While several countries appear to be cracking down on ICOs, Israel’s authorities continue to emphasise an accommodating stance.
The Israeli Securities Authority (ISA) internal committee tasked with investigating cryptocurrencies, including ICOs, published its interim report on Sunday.
Tokens “Not Traditional Securities”
The primary objective of the research, which began in August last year, was to determine if, or how, Israel’s securities laws should be applied to companies issuing blockchain-based tokens.
The report distinguished between various kinds of digital currencies and recommended categorising tokens on a case-by-case basis.
In particular, it stated that tokens designed to serve solely as a means of payment or exchange, and that do not confer additional rights, should not be considered securities.
While there was some ambiguity in the wording, it implied that in many cases ICOs are not issuing securities in the traditional sense. The report also recognised the contribution that the blockchain industry could make to the world of finance and to Israel’s economy.
It went on to acknowledge that, because the sector is evolving rapidly, the committee’s recommendations could become outdated quickly.
Last week the Chairwoman of the ISA, Anat Guetta, suggested that the authority was planning to offer blockchain start-ups a regulatory ‘sandbox’ to allow them to test their ideas.
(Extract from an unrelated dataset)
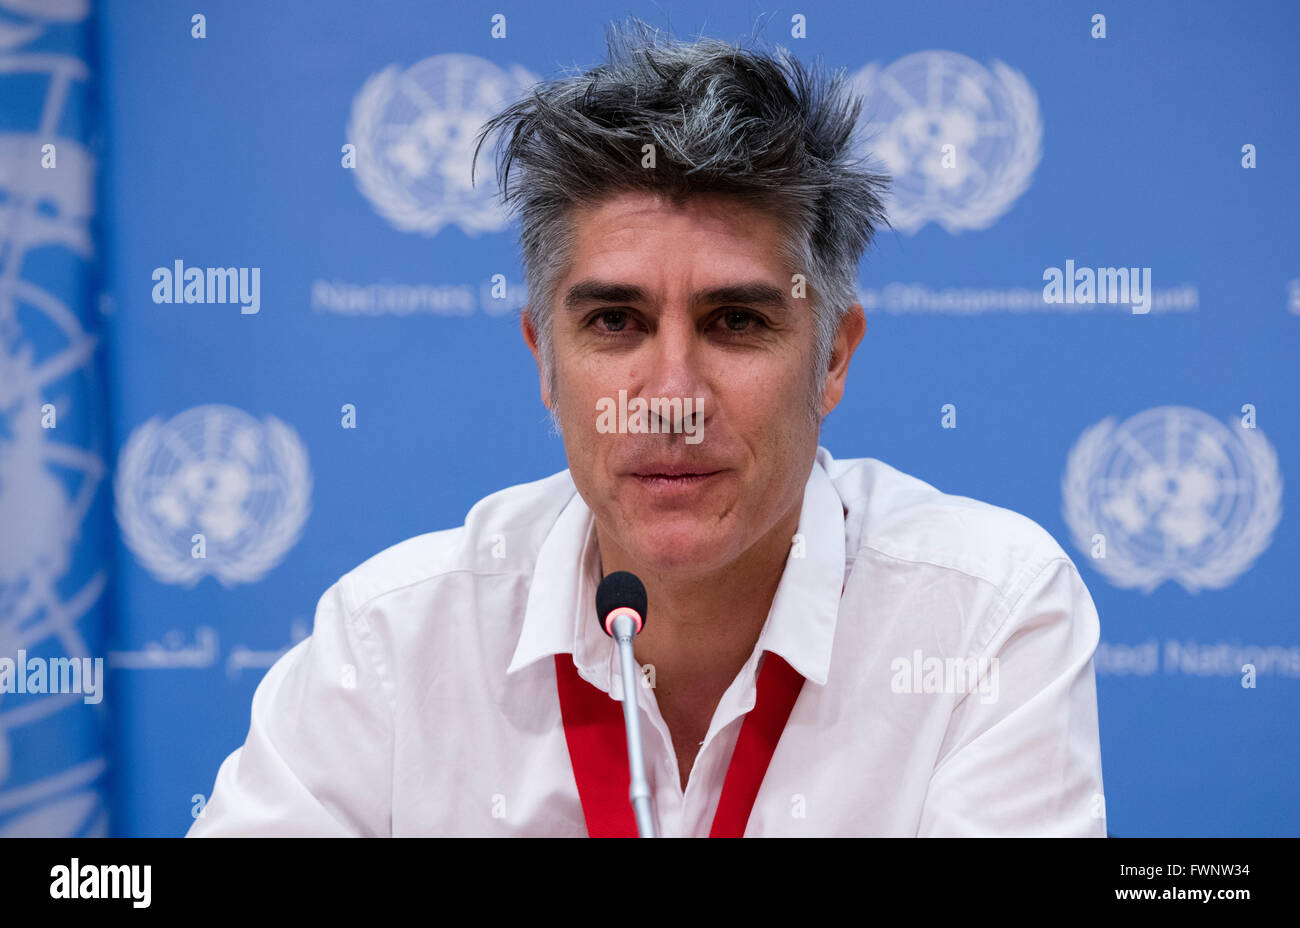 New York, United States. 05th Apr, 2016. Alejandro Aravena, Chilean architect and winner of the Pritzker Architecture Prize for 2016, briefs journalists on the link between architecture and sustainable development today at the UN Headquarters in New York. © Luiz Rampelotto/Pacific Press/Alamy Live News Stock Photo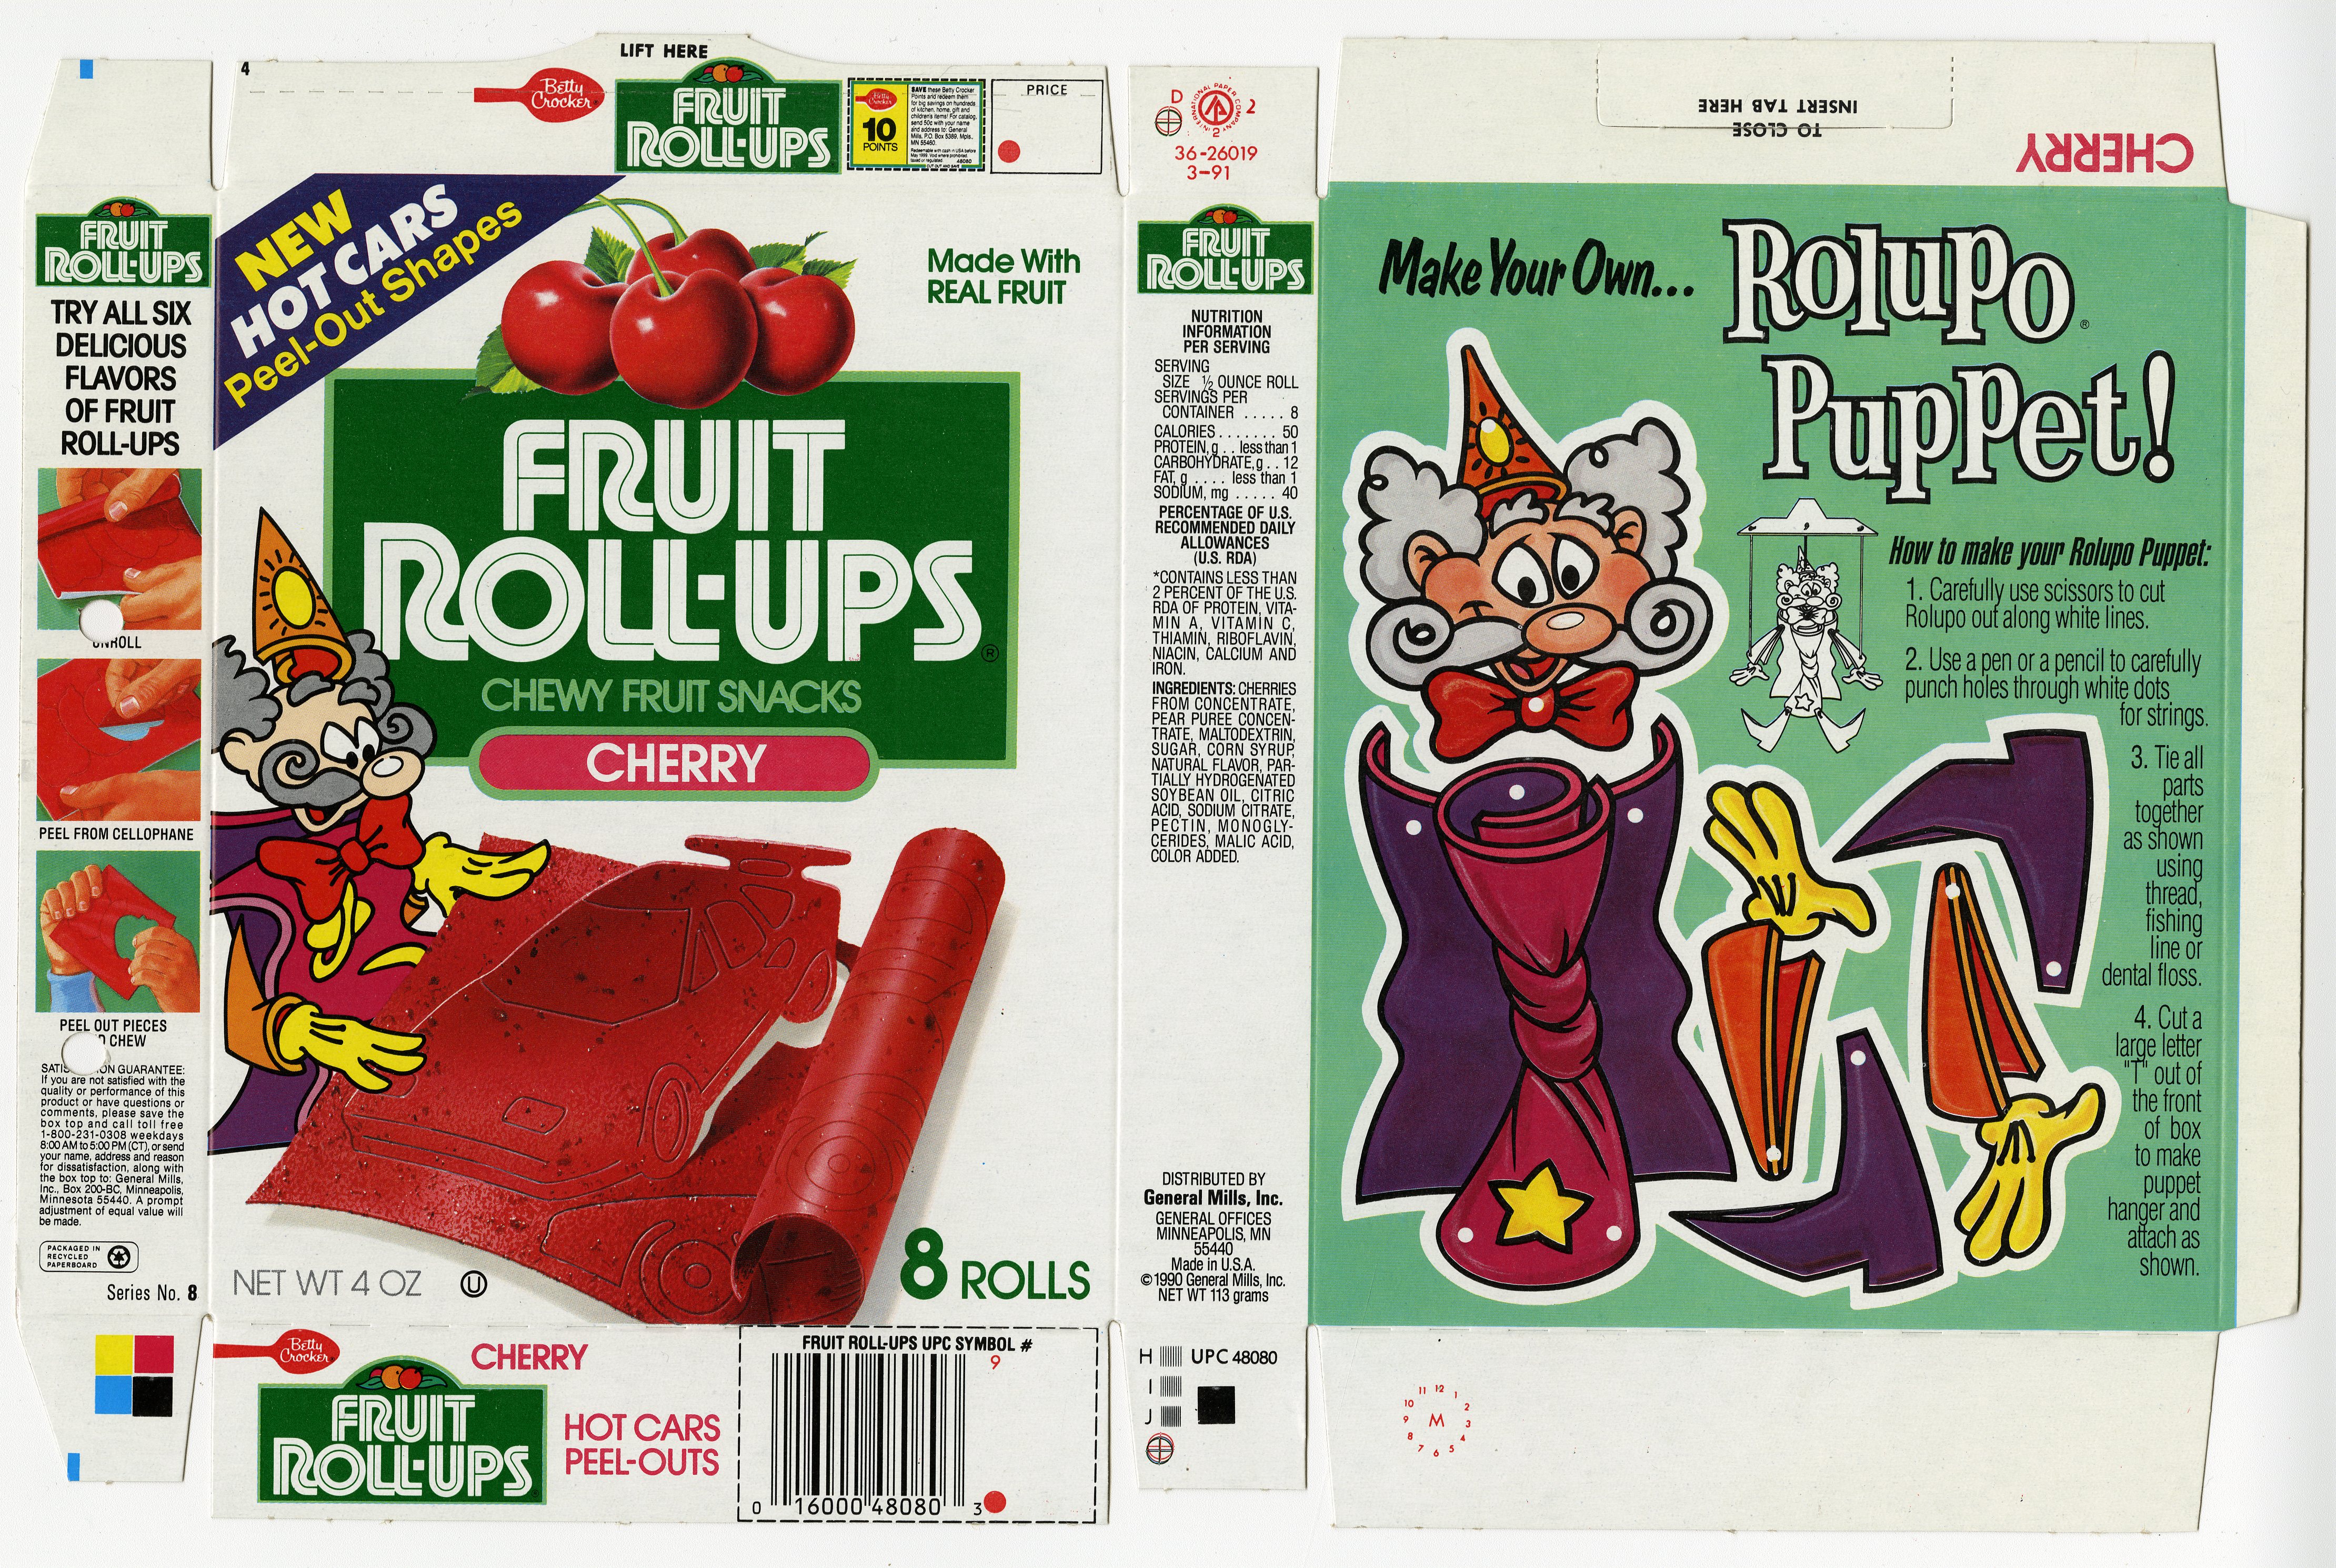 Fruit Roll-Ups packaging with Rolupo mascot

This means that, until a start-up reaches a certain critical mass, it would be able to operate in a relaxed regulatory environment. This environment would be available to all fin-tech start-ups, whether they used distributed ledgers or not.
Israel is fast becoming a major player in the global tech sector, not least because it focusses on finding ways to attract entrepreneurs and investors. Given its proactive approach to fintech and DLT regulation, it may find itself becoming a major hub for the crypto industry too.